If you know you’re going to have a late dinner and that’s simply what your schedule is going to be because there’s no way around it, you can still help yourself with this reliable trick: have a substantial snack sometime before dinner, approximately two to three hours earlier, and eat less at dinner. The snack will decrease your evening-time appetite and you’ll essentially be buying these calories from dinner and expending them earlier, when you’ll better use them and burn them anyway. This strategy is also useful if you find yourself coming home from work and feeling ravenous at dinner. By a substantial snack, I mean anything that has some healthy protein or fat: nuts and seeds, trail mix, nut butter, yogurt, hummus, guacamole, and for non-vegetarians – high quality and organic eggs, fish or meat.
Because of our work style, many of us ignore food and nourishment while we attend, frantically, to business. But this always catches up with us. The minute we return home from the office, the brain finally has permission to attend to our needs.
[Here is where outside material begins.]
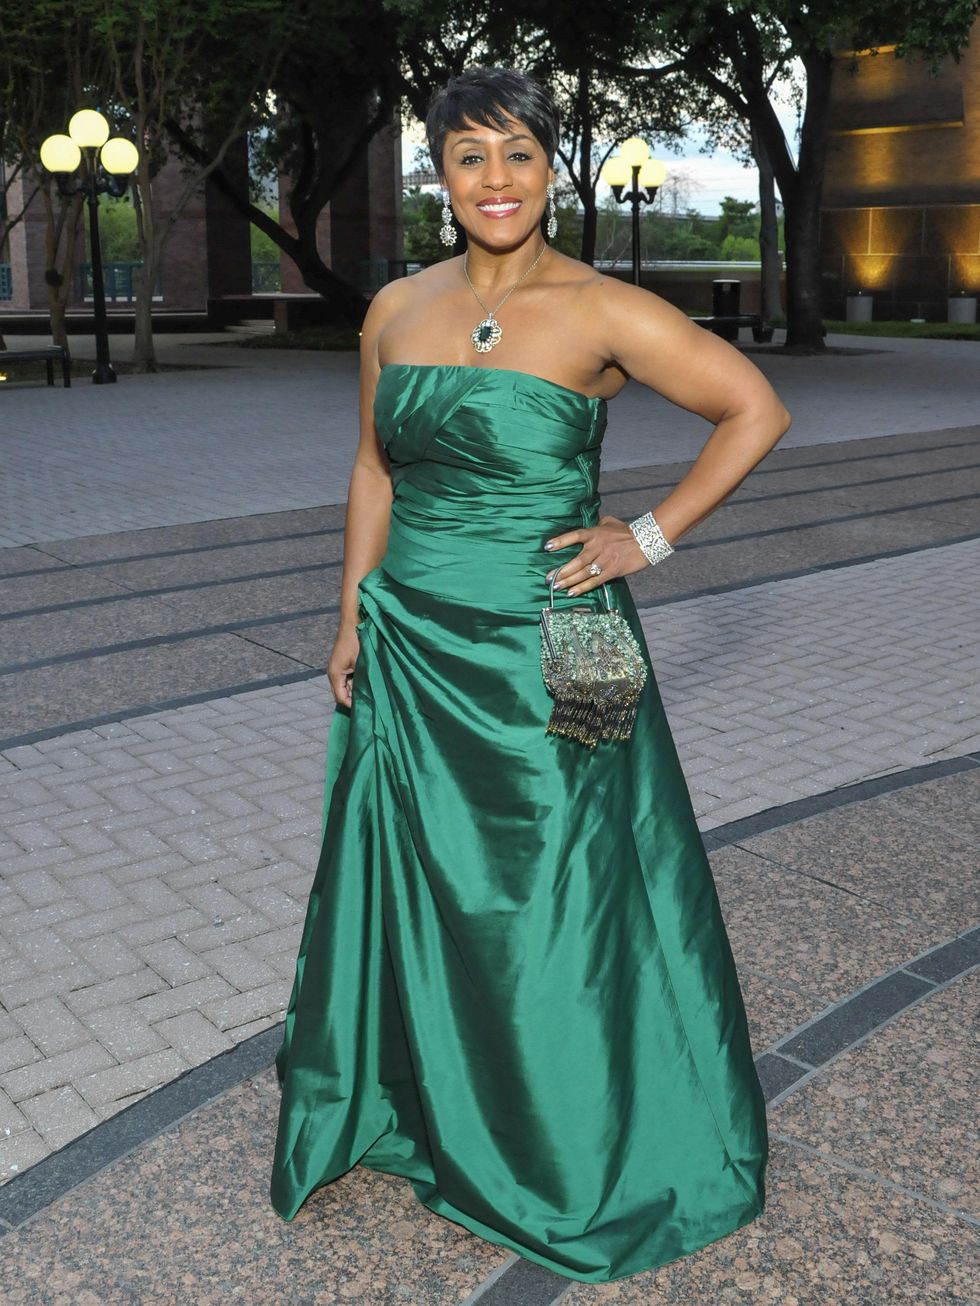 Dazzling ladies break out the wow gowns for Houston Grand Opera Ball ...

But instead of calmly informing us that we neglected to rhythmically feed the body and nourish the soul during our workday, it jumps all over us like a neglected dog and barks out “I’m hungry!” The ravenous sensations we experience can be overwhelming, causing us to overeat. We then feel guilty and try to make up for our lack of willpower and control by following a tougher exercise regime.
Can you see how oftentimes our solutions to nutritional problems really have nothing to do with the actual problem? Is it clear how we can punish ourselves for all the wrong reasons when it comes to eating and exercise?
By planning a late-afternoon snack, then, you’re making a preemptive strike against ravenous, out-of-control, after-work eating. You’ll be making a conscious choice to attend to your universal right to nourish yourself, thereby short-circuiting the habit of denying yourself food and then devouring it. You’ll also be making a powerful statement that your job doesn’t supersede your health.
And then maybe you’ll get some good sleep, detoxify and re-build your body while you’re dreaming, and wake up feeling truly refreshed and ready to face the world!